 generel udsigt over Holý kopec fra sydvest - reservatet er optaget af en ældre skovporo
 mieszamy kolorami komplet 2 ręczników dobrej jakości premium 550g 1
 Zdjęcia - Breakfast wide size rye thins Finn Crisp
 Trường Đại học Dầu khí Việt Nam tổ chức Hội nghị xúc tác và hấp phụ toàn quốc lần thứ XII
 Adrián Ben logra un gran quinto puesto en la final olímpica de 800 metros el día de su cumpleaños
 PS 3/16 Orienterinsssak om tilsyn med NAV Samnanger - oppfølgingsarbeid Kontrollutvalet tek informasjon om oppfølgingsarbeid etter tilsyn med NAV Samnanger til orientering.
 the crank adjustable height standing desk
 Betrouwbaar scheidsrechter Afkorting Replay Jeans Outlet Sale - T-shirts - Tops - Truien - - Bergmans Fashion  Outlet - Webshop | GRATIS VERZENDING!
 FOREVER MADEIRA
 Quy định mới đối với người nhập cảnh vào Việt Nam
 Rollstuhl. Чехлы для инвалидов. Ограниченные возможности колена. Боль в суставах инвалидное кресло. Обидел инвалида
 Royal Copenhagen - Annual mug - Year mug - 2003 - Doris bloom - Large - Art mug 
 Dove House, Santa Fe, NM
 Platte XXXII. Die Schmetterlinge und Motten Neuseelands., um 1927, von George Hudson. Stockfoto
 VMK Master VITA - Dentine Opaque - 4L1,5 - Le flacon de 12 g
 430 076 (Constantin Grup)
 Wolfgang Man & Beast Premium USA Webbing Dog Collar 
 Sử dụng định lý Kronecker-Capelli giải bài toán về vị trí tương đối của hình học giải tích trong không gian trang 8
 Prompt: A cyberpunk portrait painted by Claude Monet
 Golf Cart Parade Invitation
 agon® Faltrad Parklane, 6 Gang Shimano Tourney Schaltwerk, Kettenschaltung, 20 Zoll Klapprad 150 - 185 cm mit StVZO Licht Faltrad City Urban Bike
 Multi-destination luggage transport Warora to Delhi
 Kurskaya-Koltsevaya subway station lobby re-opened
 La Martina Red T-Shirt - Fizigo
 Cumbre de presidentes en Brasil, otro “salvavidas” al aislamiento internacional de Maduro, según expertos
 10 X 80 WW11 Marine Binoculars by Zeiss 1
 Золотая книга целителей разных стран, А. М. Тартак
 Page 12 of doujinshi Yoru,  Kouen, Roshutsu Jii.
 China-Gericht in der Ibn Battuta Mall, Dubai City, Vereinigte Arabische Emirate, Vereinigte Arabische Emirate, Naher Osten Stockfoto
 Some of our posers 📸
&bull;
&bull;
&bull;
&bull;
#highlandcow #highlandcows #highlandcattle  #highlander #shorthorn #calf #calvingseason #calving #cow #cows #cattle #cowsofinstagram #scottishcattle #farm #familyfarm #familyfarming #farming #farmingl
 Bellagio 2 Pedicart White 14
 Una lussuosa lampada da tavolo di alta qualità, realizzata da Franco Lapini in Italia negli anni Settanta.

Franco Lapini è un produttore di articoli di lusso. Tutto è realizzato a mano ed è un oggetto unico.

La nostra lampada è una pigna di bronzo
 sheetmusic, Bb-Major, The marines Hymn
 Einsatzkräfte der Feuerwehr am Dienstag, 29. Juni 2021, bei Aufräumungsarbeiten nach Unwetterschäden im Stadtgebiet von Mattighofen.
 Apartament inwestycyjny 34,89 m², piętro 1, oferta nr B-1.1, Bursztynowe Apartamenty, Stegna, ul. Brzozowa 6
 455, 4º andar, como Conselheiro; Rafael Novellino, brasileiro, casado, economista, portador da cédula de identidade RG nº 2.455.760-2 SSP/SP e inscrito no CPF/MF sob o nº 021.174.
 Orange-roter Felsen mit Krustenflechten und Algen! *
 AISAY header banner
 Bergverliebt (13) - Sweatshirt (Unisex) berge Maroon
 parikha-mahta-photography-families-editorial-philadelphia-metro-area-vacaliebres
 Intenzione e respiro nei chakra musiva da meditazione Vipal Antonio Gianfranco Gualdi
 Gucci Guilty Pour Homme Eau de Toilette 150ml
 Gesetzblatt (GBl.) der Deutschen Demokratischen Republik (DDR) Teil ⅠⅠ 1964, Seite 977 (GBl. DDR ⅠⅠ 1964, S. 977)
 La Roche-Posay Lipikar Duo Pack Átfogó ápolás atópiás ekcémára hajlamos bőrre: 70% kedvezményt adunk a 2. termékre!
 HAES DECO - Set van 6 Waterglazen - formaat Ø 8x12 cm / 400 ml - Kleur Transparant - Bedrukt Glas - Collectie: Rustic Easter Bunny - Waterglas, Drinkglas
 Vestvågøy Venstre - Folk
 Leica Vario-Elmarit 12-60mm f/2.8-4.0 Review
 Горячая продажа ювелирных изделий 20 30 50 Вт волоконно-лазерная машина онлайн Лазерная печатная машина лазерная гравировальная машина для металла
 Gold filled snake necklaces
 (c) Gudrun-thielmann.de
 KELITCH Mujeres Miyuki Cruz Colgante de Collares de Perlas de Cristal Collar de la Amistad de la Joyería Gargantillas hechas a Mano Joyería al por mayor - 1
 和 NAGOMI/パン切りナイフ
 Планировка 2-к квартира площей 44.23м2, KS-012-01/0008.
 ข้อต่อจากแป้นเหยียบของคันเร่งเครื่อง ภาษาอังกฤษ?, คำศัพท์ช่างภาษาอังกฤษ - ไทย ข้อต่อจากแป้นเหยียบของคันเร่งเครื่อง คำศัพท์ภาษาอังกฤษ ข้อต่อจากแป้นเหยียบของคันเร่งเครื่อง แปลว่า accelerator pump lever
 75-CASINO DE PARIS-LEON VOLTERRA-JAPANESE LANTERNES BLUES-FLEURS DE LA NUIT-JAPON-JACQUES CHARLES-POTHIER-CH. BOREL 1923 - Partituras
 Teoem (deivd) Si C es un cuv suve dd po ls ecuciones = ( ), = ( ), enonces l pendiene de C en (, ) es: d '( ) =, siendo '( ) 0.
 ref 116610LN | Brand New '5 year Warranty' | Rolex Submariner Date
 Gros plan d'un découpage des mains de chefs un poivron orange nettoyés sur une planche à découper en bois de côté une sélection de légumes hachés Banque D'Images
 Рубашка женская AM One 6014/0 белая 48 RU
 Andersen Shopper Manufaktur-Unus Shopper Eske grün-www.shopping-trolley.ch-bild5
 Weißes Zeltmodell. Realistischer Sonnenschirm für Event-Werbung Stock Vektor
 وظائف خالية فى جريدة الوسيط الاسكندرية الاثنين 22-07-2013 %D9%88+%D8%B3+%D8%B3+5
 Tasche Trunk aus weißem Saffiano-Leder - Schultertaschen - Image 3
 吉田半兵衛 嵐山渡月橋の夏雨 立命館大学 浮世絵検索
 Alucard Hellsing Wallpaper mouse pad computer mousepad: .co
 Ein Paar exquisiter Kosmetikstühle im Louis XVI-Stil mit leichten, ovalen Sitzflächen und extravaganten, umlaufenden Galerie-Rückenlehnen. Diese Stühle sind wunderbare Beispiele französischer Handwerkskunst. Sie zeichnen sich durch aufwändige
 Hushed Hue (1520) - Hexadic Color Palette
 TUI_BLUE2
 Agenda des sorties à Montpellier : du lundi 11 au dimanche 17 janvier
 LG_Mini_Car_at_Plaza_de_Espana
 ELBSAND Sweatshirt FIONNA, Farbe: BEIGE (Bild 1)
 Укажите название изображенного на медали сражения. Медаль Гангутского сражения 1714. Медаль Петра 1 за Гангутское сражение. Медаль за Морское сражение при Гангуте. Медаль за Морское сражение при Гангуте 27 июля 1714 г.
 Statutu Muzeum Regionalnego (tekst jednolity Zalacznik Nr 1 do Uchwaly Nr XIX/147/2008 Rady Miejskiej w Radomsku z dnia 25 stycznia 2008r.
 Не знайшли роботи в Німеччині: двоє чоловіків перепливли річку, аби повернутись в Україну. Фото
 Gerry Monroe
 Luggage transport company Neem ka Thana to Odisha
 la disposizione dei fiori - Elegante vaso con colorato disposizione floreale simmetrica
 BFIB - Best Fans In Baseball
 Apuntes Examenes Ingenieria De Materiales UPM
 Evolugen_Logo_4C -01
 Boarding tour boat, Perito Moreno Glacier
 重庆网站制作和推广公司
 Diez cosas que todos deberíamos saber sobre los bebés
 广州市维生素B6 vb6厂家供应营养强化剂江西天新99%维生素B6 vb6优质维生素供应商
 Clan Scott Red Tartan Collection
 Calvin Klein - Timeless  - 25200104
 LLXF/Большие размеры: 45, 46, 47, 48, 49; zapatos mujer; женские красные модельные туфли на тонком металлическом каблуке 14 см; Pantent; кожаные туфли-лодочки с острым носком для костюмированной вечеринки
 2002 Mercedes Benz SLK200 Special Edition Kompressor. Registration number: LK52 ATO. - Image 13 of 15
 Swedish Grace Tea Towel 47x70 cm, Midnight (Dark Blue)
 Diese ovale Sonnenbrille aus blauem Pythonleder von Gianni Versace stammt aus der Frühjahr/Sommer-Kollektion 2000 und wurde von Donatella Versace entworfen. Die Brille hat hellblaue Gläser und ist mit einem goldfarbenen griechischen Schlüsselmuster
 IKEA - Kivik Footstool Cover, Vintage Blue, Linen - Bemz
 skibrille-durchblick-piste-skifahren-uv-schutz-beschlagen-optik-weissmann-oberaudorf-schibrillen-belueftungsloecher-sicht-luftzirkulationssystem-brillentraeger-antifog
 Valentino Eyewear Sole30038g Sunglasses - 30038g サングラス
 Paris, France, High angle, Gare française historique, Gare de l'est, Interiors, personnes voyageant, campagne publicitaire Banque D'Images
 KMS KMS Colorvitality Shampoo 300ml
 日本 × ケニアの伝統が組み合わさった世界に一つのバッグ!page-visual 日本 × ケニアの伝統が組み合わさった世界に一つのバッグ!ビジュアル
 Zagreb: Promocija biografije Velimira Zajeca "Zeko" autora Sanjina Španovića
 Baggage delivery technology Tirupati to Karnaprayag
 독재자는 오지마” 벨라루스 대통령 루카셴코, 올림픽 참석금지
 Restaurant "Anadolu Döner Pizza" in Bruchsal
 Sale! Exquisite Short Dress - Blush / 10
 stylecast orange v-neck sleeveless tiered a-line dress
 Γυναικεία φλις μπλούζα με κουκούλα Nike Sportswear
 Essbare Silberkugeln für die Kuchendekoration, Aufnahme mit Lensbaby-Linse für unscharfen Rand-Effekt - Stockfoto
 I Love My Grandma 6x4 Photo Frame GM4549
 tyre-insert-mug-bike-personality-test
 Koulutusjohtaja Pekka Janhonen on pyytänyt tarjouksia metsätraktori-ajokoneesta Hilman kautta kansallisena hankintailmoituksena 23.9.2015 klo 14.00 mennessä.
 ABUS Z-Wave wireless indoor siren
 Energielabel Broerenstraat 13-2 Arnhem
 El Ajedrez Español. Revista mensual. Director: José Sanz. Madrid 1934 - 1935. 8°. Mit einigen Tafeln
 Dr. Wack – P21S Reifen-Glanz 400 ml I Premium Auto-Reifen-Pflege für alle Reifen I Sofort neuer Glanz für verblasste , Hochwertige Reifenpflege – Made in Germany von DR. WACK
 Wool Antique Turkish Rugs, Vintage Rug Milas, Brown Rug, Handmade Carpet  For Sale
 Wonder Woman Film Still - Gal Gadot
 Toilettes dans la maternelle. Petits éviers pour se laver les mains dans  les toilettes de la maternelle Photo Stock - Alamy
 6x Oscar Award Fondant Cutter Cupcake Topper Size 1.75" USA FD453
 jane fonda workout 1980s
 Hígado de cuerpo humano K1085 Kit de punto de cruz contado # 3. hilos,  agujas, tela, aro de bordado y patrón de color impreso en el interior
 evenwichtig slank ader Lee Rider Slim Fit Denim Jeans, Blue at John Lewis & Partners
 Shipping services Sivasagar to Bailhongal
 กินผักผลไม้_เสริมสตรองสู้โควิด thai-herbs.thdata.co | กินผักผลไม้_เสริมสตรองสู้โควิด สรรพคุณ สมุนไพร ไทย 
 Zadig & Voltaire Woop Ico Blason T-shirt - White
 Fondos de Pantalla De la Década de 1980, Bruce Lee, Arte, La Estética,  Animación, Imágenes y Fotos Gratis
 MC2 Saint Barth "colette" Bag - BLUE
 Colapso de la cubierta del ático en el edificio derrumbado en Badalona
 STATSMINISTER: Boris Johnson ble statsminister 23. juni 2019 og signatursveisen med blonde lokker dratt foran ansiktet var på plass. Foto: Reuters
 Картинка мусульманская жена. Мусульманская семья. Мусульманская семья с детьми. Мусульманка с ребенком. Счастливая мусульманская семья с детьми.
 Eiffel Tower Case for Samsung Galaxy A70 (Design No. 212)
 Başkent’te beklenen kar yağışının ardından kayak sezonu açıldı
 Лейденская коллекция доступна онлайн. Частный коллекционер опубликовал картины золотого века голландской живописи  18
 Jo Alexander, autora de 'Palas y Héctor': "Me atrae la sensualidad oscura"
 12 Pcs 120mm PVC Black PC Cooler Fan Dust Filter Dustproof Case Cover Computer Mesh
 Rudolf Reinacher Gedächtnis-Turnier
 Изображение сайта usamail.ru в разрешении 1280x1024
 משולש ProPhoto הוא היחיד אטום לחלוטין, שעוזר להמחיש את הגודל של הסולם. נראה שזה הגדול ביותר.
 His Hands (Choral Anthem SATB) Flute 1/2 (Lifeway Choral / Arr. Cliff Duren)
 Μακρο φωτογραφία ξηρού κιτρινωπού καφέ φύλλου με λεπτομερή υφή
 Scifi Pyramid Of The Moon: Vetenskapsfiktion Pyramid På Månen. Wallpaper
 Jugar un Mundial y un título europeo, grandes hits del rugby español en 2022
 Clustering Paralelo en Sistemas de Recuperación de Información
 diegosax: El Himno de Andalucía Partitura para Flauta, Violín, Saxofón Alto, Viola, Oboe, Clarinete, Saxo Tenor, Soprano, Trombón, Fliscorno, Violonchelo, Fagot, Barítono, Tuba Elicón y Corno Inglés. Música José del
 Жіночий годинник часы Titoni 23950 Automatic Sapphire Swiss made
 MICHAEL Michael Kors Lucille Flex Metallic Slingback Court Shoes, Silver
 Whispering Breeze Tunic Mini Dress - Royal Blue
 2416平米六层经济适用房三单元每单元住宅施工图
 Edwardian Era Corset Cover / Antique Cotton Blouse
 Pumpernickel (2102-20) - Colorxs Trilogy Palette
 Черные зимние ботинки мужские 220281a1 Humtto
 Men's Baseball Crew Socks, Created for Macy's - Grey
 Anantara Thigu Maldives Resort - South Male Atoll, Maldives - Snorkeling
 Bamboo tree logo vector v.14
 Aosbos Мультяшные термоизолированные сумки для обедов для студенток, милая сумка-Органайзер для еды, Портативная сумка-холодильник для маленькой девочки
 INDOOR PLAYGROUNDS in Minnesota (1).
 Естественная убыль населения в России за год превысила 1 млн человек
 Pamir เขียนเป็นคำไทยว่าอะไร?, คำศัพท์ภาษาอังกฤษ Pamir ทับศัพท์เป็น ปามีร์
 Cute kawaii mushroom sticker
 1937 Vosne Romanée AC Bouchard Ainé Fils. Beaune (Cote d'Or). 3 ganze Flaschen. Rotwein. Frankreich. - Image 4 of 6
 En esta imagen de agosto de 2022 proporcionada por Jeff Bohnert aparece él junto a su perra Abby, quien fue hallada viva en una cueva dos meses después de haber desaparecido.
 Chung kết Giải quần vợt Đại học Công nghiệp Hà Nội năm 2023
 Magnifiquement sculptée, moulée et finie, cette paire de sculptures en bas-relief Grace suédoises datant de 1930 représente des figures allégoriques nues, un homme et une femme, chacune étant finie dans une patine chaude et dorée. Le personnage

◆ ◆ ◆ ◆ ◆ ◆ ◆

AIM OF THE TASK> Using the data above, extract exactly the lines from the one that holds "2002 Mercedes Benz" to the one that holds "Swedish Grace Tea", both ends included, and no others.

ANSWER BELOW>
 2002 Mercedes Benz SLK200 Special Edition Kompressor. Registration number: LK52 ATO. - Image 13 of 15
 Swedish Grace Tea Towel 47x70 cm, Midnight (Dark Blue)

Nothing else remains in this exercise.